I like the $uvw$'s notation:
Let $a+b+c=3u$, $ab+ac+bc=3v^2$ and $abc=w^3$.
Thus, by your work we need to prove that: $$3(a+b)(a+c)(b+c)\left(1-\sqrt[6]{\frac{ab+ac+bc}{a^2+b^2+c^2}}\right)\geq(a-b)(a-c)(b-c)$$ or $$3(9uv^2-w^3)\left(1-\sqrt[6]{\frac{v^2}{3u^2-2v^2}}\right)\geq(a-b)(a-c)(b-c).$$ Now, let $\frac{v^2}{3u^2-2v^2}=t^6,$ where $t>0$.

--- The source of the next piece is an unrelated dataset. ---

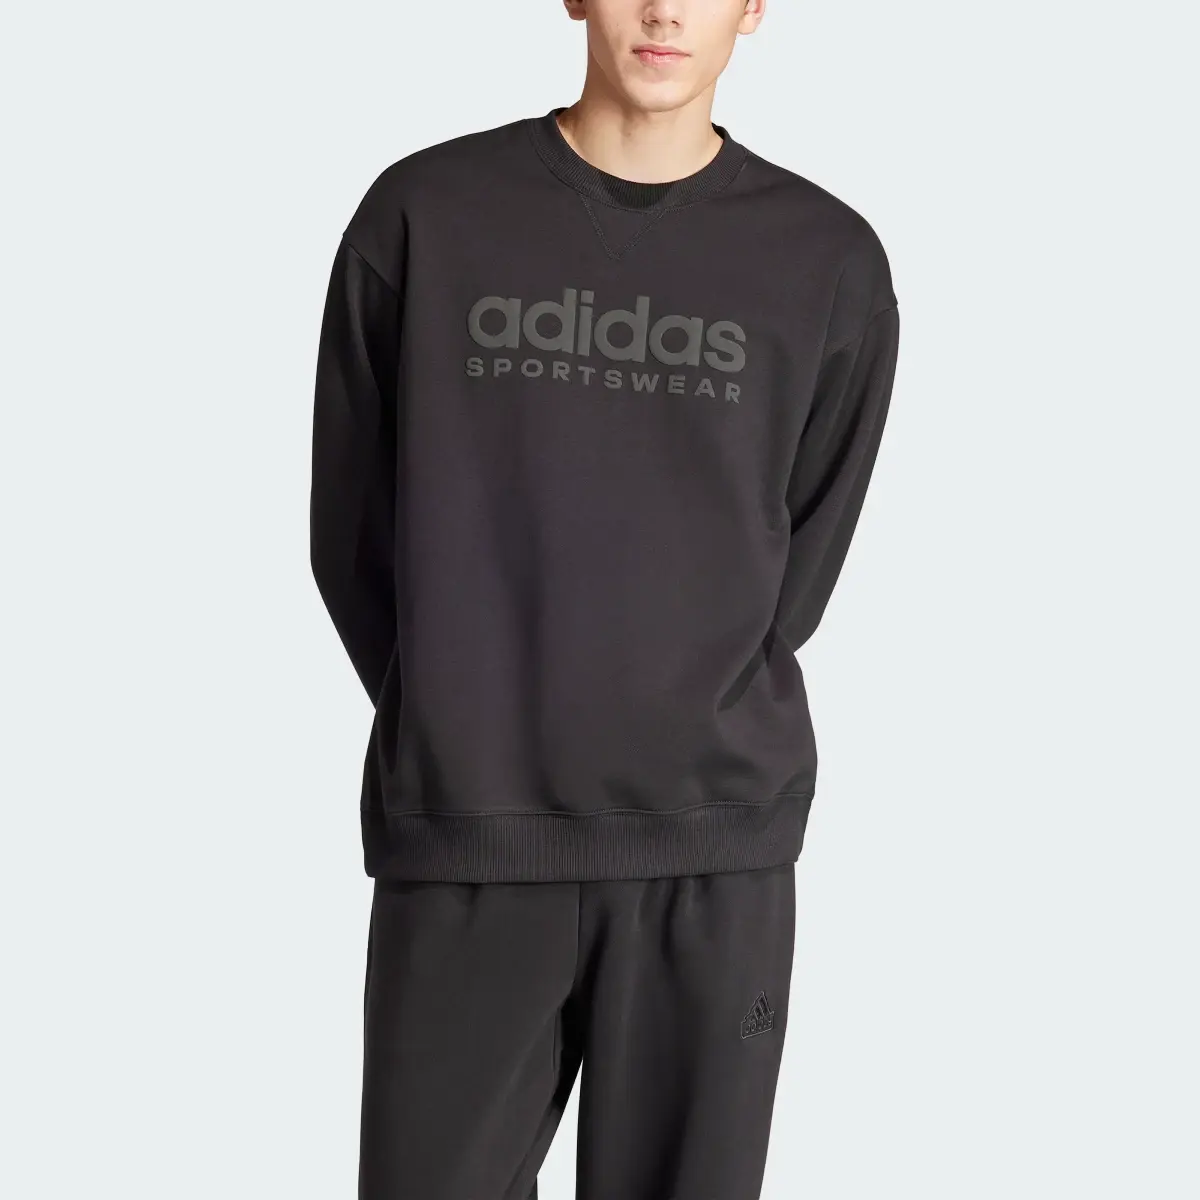 Adidas ALL SZN Fleece Graphic Sweatshirt. 1

Thus, since $u^2\geq v^2$, we obtain $0<t\leq1$, $u^2=\frac{1+2t^6}{3t^6}v^2$ and we need to prove that: $$9(9uv^2-w^3)^2(1-t)^2\geq\prod_{cyc}(a-b)^2$$ or $$(9uv^2-w^3)^2(1-t)^2\geq3(3u^2v^4-4v^6-4u^3w^3+6uv^2w^3-w^6)$$ or $$(t^2-2t+4)w^6+6u(2u^2-3(t^2-2t+2)v^2)w^3+9(9t^2-18t+8)u^2v^4+12v^6\geq0.$$ Now, since $$9(9t^2-18t+8)u^2v^4+12v^6=9(9t^2-18t+8)\cdot\frac{1+2t^6}{3t^6}v^6+12v^6=$$ $$=\frac{3v^6(18t^8-36t^7+20t^6+9t^2-18t+8)}{t^6}>0,$$ it's enough to prove our inequality for $$2u^2-3(t^2-2t+2)v^2<0$$ or $$\frac{2(1+2t^6)}{3t^6}-3(t^2-2t+2)<0$$ or $$9t^8-18t^7+14t^6-2>0,$$ which with $0<t\leq1$ gives $0.85...<t\leq1$ and it's enough to prove that $$9u^2(2u^2-3(t^2-2t+2)v^2)^2-(t^2-2t+4)(9(9t^2-18t+8)u^2v^4+12v^6)\leq0$$ or $$\frac{1+2t^6}{t^6}\left(\frac{2(1+2t^6)}{3t^6}-3(t^2-2t+2)\right)^2-(t^2-2t+4)\left(\frac{1+2t^6}{t^6}(9t^2-18t+8)+4\right)\leq0$$ or $$(t-1)^2(81t^{18}+t^{16}+2t^{15}+3t^{14}+4t^{13}+59t^{12}+6t^{11}+4t^{10}+$$ $$+2t^9-2t^7+5t^6-6t^5-5t^4-4t^3-3t^2-2t-1)\geq0,$$ which is true for $9t^8-18t^7+14t^6-2>0$ and $0<t\leq1$.